DevOps / Site Reliability Engineer (SRE)

Bayraktar Technologies

Bac Lieu, Vietnam

Fresher

This job is no longer accepting applications

Posted 3 months ago

Job Description

Summary

We are looking for DevOps / SRE team members who will take an active role in managing our highly available and scalable infrastructure within our Server Systems Management and DevOps team.

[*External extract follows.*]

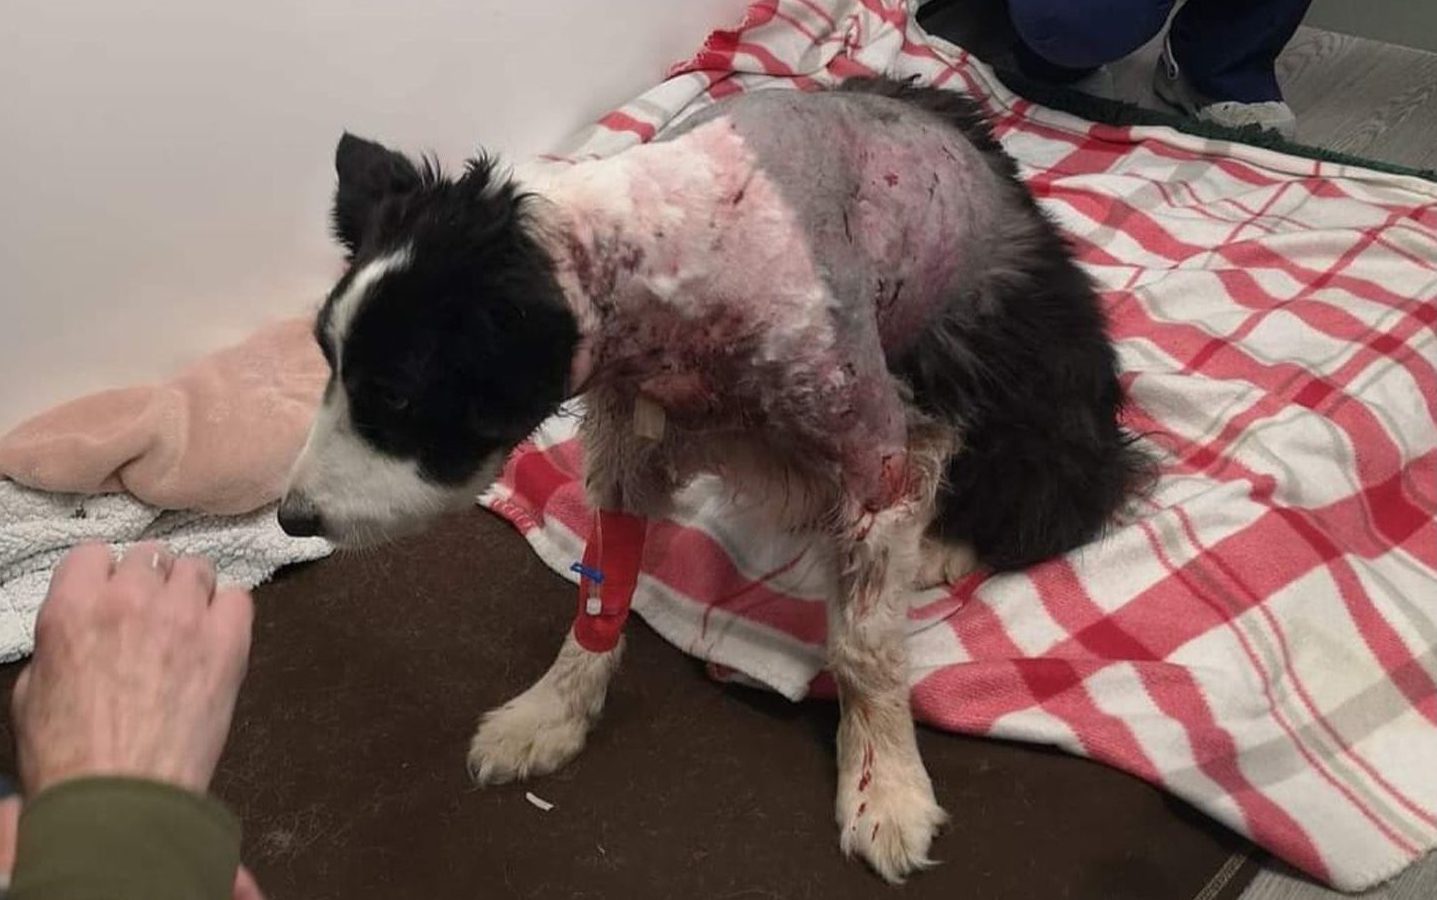 Missy, who died of her injuries following the Fife dog attack, is pictured with shaved fur and visible wounds

In this role, you will be responsible for ensuring the continuity of critical systems running in multi-cloud environments, primarily AWS and Huawei Cloud (HWC), and you will contribute to the improvement of automation, monitoring, and incident management processes.

Education

Bachelor's degree in Computer Engineering, Software Engineering, or a related engineering discipline, or equivalent practical experience.

Responsibilities

Infrastructure management and optimization in AWS and Huawei Cloud environments
Setup, management, and monitoring of Kubernetes clusters (production / pre-production)
Setup and improvement of CI/CD pipelines
Management of High Availability (HA) and Disaster Recovery (DR) scenarios
Management of monitoring and alerting infrastructure using tools such as Prometheus, Grafana, Loki, etc.
Performance, capacity, and cost optimization activities
Participation in on-call rotation and response to critical incidents
Improvement of security, logging, and backup processes
Close collaboration with development teams to resolve deployment and runtime issues

Qualifications

Proficiency in Linux system administration (preferably Ubuntu / CentOS)
Proficiency in Docker and container concepts
Proficiency in Kubernetes core components (Pods, Services, Ingress, Deployments, HPA, etc.)
Proficiency in at least one CI/CD tool (GitLab CI, GitHub Actions, Jenkins, etc.)
Knowledge of networking fundamentals (TCP/IP, DNS, NAT, Load Balancers, Firewalls)
Proficiency in monitoring and logging concepts
Strong problem-solving and analytical thinking skills
Ability to remain calm and act systematically during critical situations
Strong attention to documentation
Strong teamwork skills
Open to learning and self-improvement
Ability to adapt to rotational on-call duty when required
Strong sense of responsibility for minimizing downtime in critical systems
Ability to adapt to flexible working hours based on operational requirements

Preferred

Experience with AWS services (EC2, VPC, ALB/NLB, RDS, IAM, CloudWatch)
Experience with Huawei Cloud (HWC) or other cloud service providers
Knowledge of Infrastructure as Code tools (Terraform, Ansible, Helm)
Knowledge of Prometheus, Grafana, Loki, ELK
Experience working with systems such as OpenStack, Ceph, Couchbase, Elasticsearch
Experience with on-call and incident management